Now if this was a sassy romcom, this would be the part of the story where I mount my comeback. Complete with a super cute montage of me going to the gym and sweating like a pig, me cleaning out my wardrobe and refrigerator, and me getting a new job. Playing in the background would be an ass kicking soundtrack featuring Chaka Khan in which she sings about how strong and powerful this new me will be. Spoiler alert: nothing of the sort happens.

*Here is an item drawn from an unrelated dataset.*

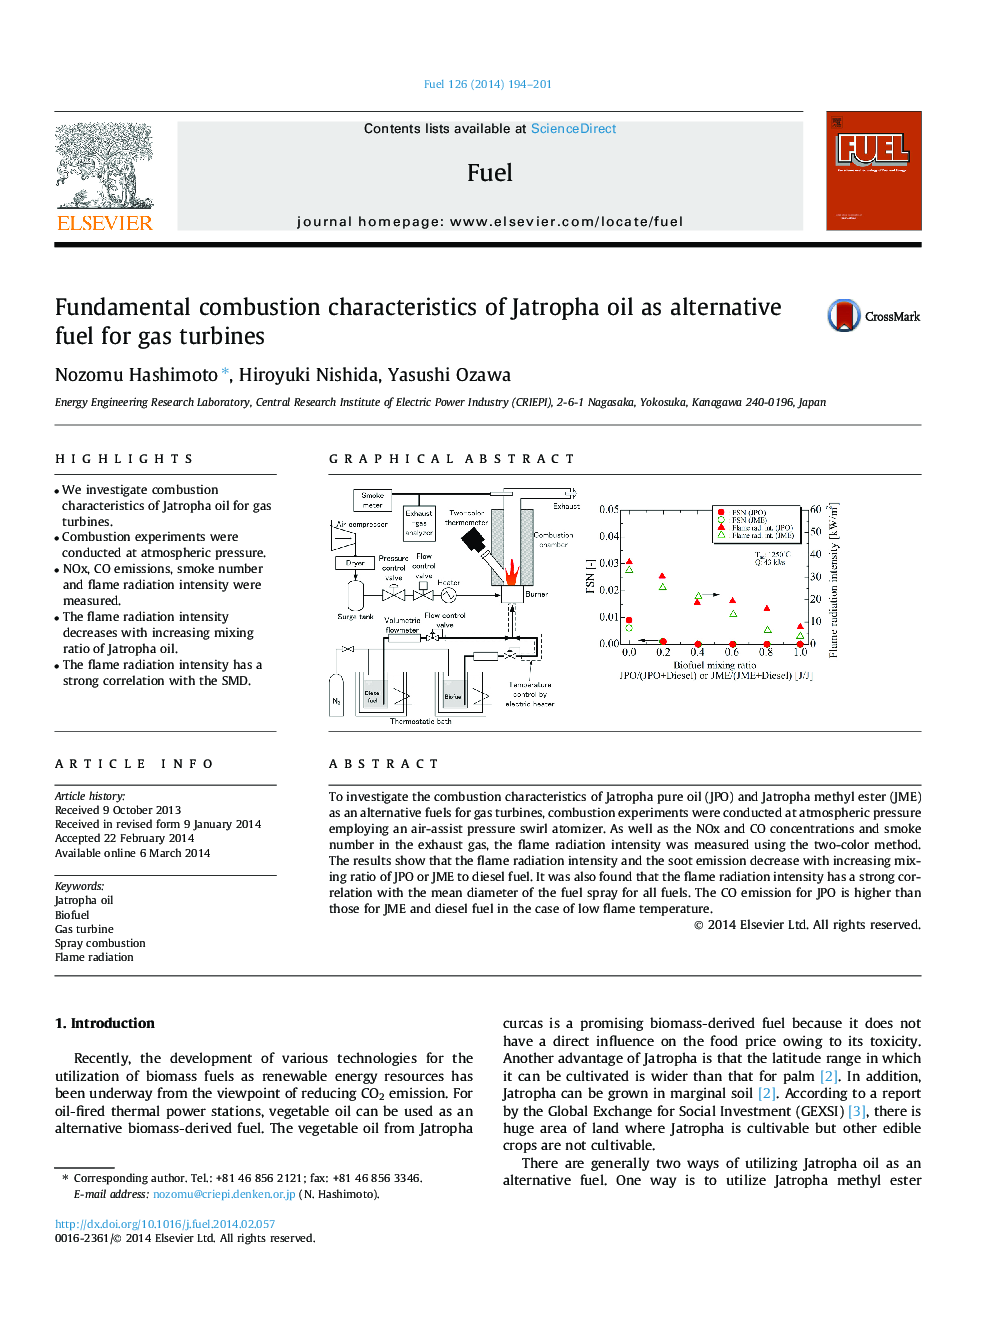 Fundamental combustion characteristics of Jatropha oil as alternative fuel for gas turbines

“What about my cat? Am I allowed to take my cat? Or is he being clawed back as well?” My whole life has been dismantled by no fault of my own, and the rage that had been steadily simmering up finally hits the boiling point.

Exhaling his irritation loud enough to be heard in Alaska, the prosecutor steeples his salami like fingers and says, “You may take your cat and nothing else.”

Frigging cat hates me. I’m taking him on principle alone.

“Did you take out the garbage?”

“Yes, Ma.”

“Did you pick up the milk?”

“That’s the second time you asked––yes, I did.”

“The two percent? Not the skim, right?”

Holy mother of… “Yes. Now can I finish what I’m doing??”

“No need to get hostile. I’m just askin’ a question.”

She bows her head and wrings her hands as she walks the short distance from our small dining room to the kitchen. Cue the eye roll. Nobody plays the victim better than Angelina DeSantis. She could make Mother Theresa feel like a villain.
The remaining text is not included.